== AVAILABLE DATA ==
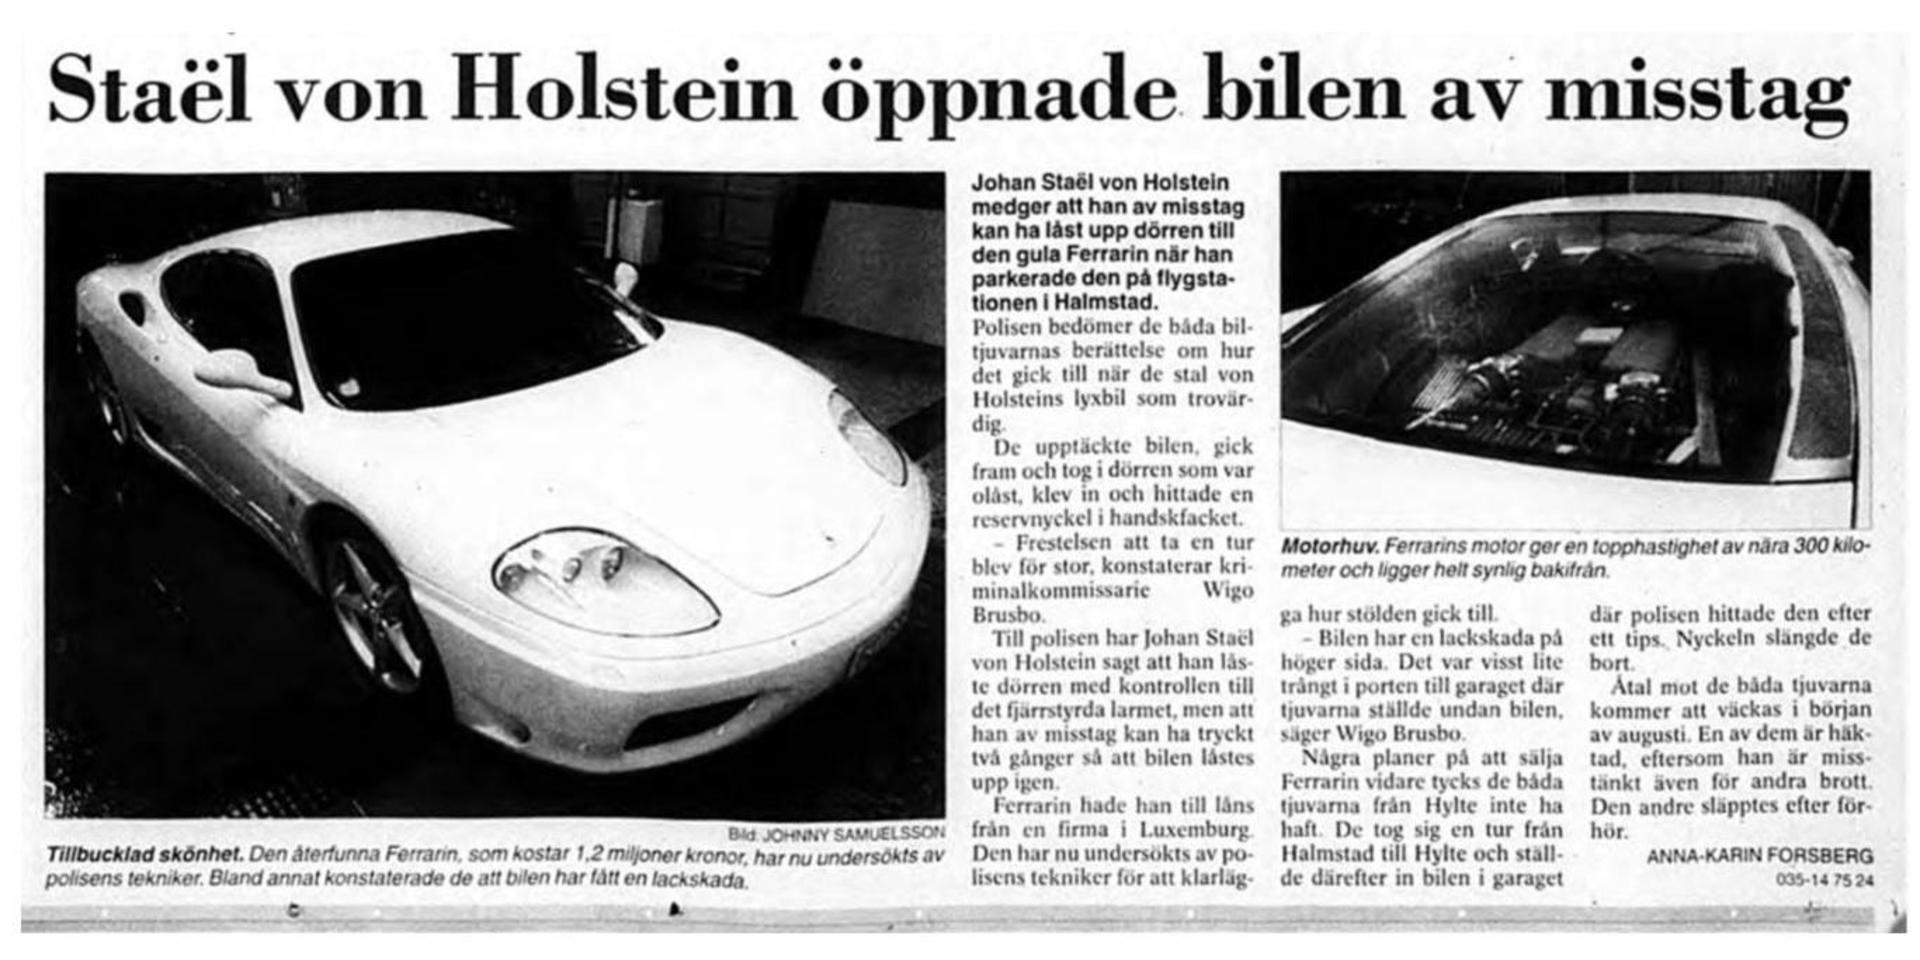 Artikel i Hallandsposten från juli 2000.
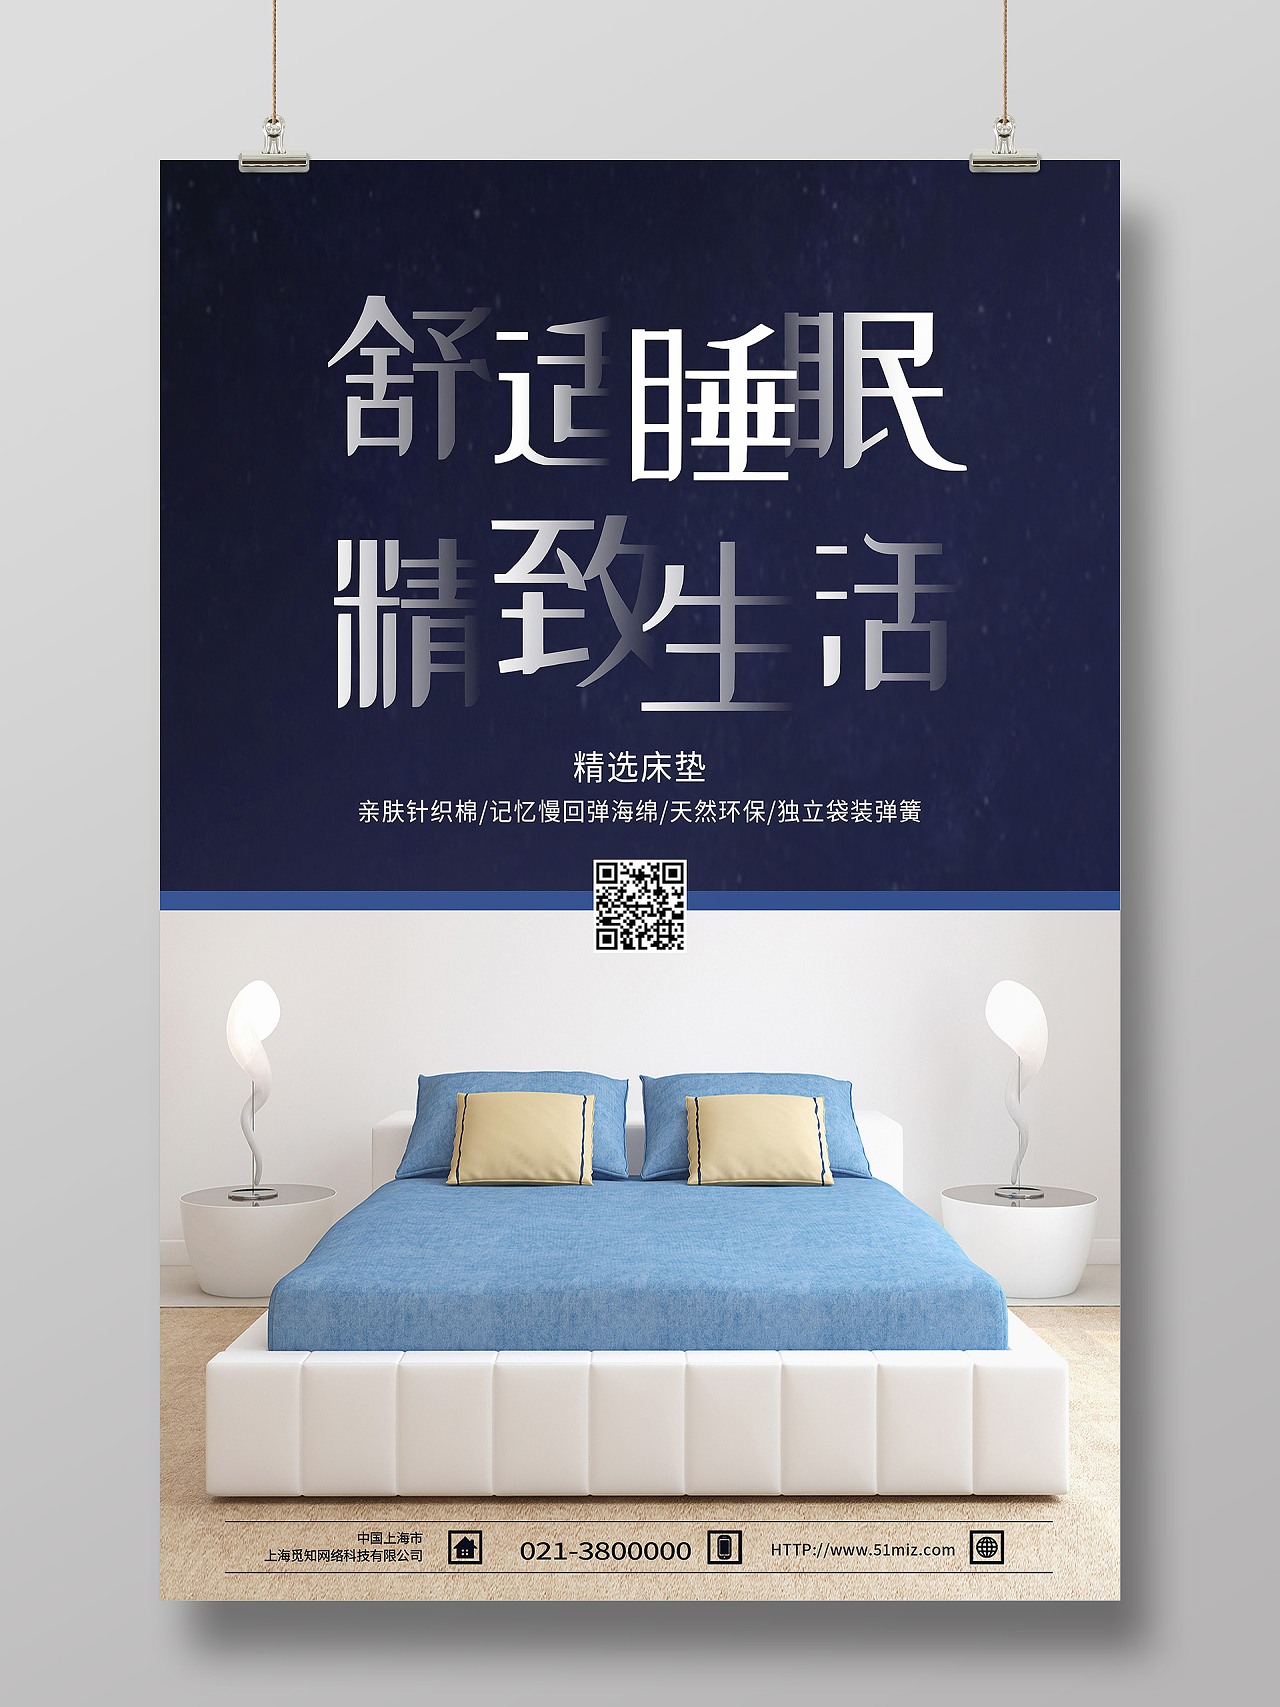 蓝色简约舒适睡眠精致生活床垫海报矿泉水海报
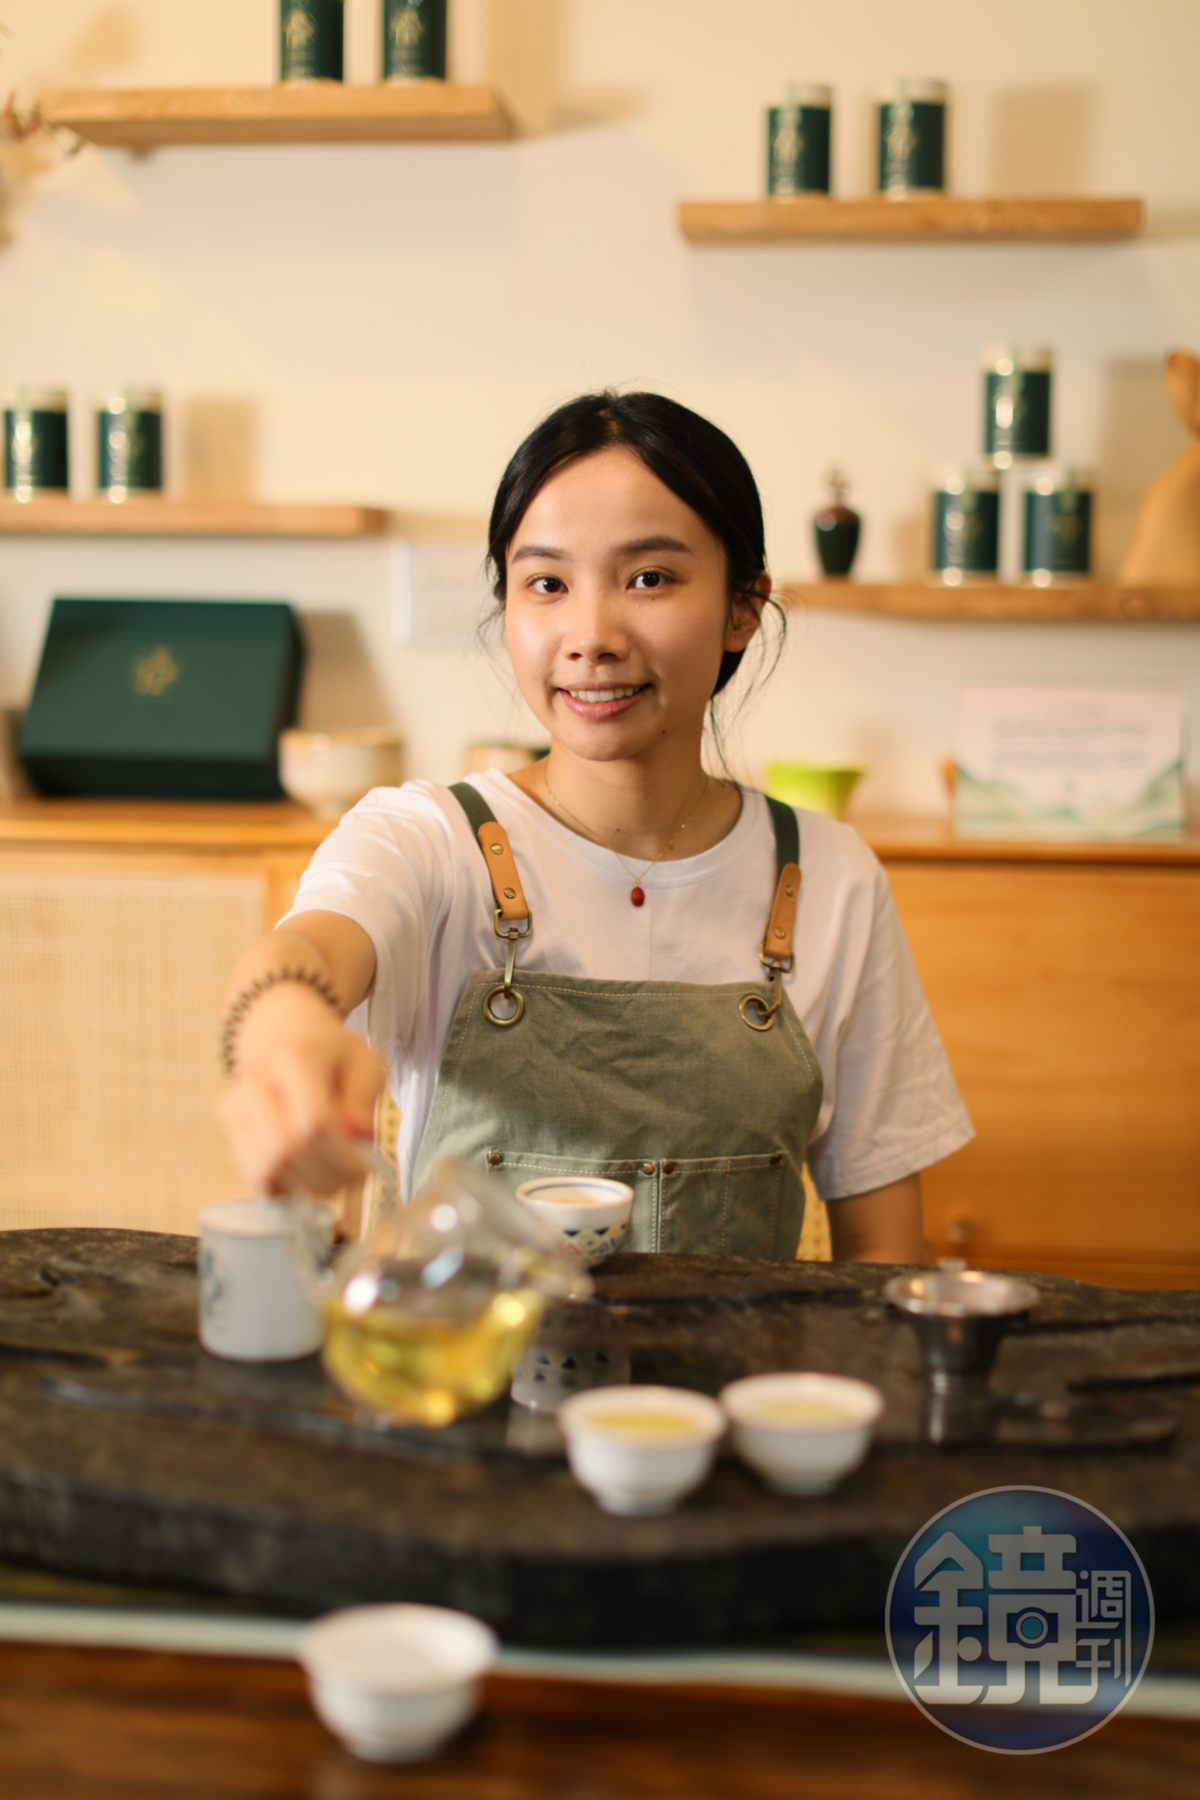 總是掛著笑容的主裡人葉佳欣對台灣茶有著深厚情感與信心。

== REQUIRED ACTION ==
Retype the listing exactly. Skip every picture.

== WORKED SOLUTION ==
 Artikel i Hallandsposten från juli 2000.
 蓝色简约舒适睡眠精致生活床垫海报矿泉水海报
 總是掛著笑容的主裡人葉佳欣對台灣茶有著深厚情感與信心。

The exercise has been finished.